Оруэлл решил познакомиться с американским коллегой, хотя и не знал, как будет им встречен, принимая во внимание непредсказуемость, подчас резкость и грубость Хемингуэя, особенно когда тот был нетрезв. Постучав в дверь и войдя в номер, он произнес: «Я Эрик Блэр» — «Ну, и какого х… вам надо?» «Я Джордж Оруэлл», — поправился посетитель. «Какого же х… вы сразу это не сказали?» Затем они стали пить виски…{606}
Сам Хемингуэй дважды упоминал об этой встрече с Оруэллом. В первый раз он написал об этом через три года С. Коннолли, передавая через него привет Оруэллу: «Если Вы как-нибудь встретитесь с Оруэллом, напомните, пожалуйста, ему обо мне. Он мне очень нравится, но мы встретились в тот момент, когда у меня совершенно не было времени»{607} (писатель собирался уезжать и паковал вещи). Во второй раз Хемингуэй чуть более подробно, с оттенком определенной бравады, описал встречу в полуромане-полумемуарах «Правда на первый взгляд». Американский писатель изобразил Оруэлла несколько параноидальной личностью: тот якобы боялся покушений коммунистов и всё время повторял, что они его преследуют. В итоге Хемингуэй будто бы дал коллеге пистолет и, более того, даже приставил к нему для охраны двоих своих помощников{608}. Эта история выглядит малодостоверной и больше походит на фарс.
Кончина Эйлин
Впервые оторвавшись от семьи на сравнительно длительное время, Эрик регулярно переписывался с женой, особенно интересуясь здоровьем и развитием приемного сына. «Ребенку девять месяцев и, по мнению его нового отца, он очень одаренный — “очень глубокомысленный маленький мальчик”, к тому же очень хорошенький. Он действительно очень приятный ребенок»{609}, — писала Эйлин Л. Муру.

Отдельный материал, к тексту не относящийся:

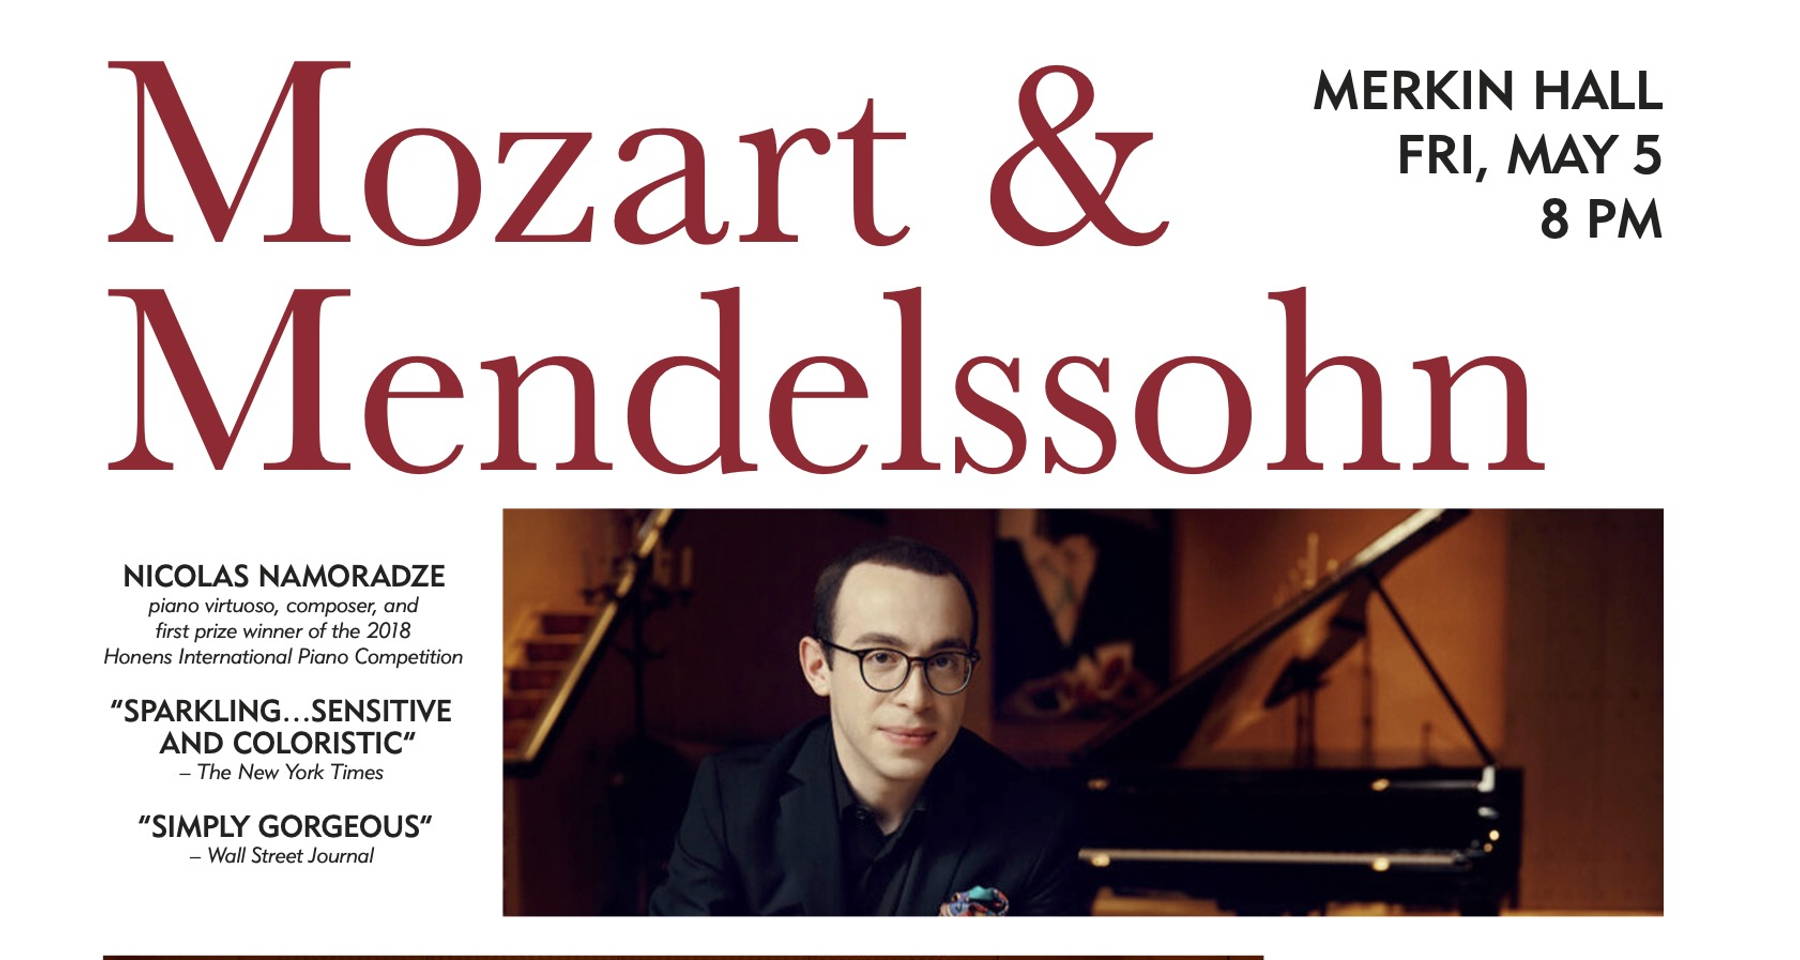 Pegasus Presents: Mozart, Mendelssohn, Scriabin, & Rachmaninoff at Merkin Hall!
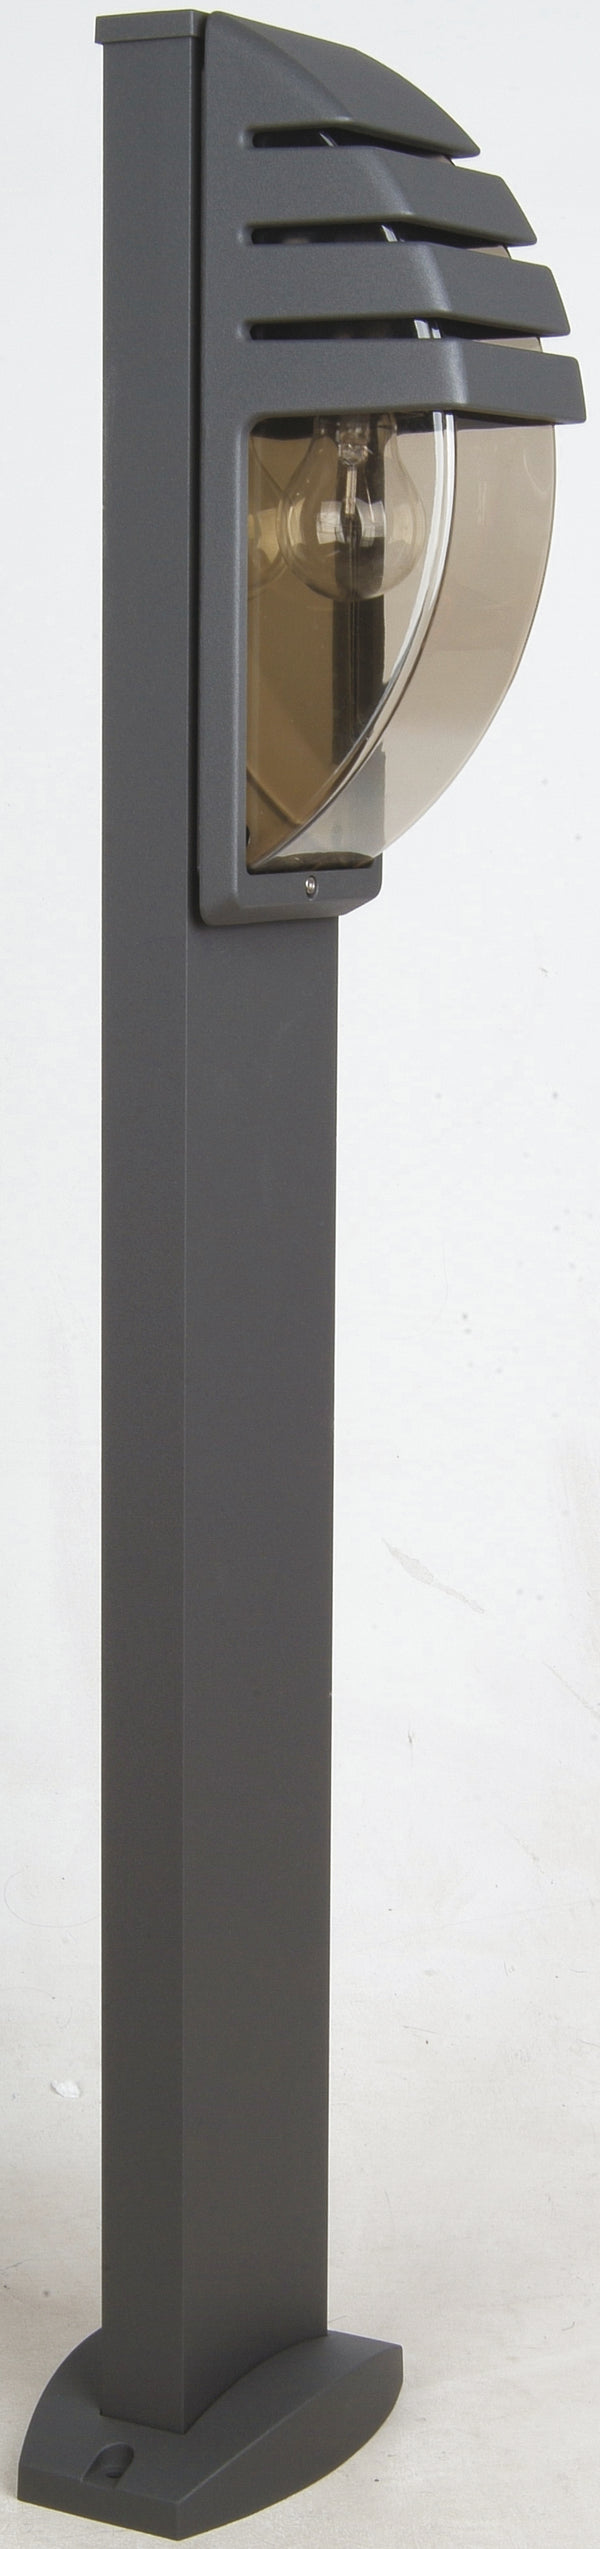 Pole Aluminium anthrazit Diffusor Polycarbonat abgedunkelt Outdoor Garten E27 Intec I-11836R sconto

За несколько месяцев до отъезда Эрика в Европу Эйлин почувствовала недомогание, которое усиливалось с каждым днем. Она быстро уставала, не могла отдышаться, часто страдала приступами тошноты. Эйлин бодрилась, стараясь не стать преградой поездке мужа на фронт, к чему он так долго стремился. После отъезда Эрика она с ребенком отправилась в свое «сельское имение», надеясь, что на свежем воздухе ее самочувствие улучшится. Но в деревне ей стало еще хуже.
В первой декаде марта 1945 года Эйлин вынуждена была обратиться к врачам, которые сообщили, что у нее обнаружена опухоль матки и требуется срочная операция, поскольку речь идет о жизни и смерти. Ничего пока не сообщая мужу, Эйлин проконсультировалась по поводу происшедшего с невесткой. Гвен О’Шонесси подтвердила, что положение серьезное. Однако Эйлин отложила операцию, поскольку ей необходимо было пристроить ребенка. Кроме того, ее задержало еще одно обстоятельство.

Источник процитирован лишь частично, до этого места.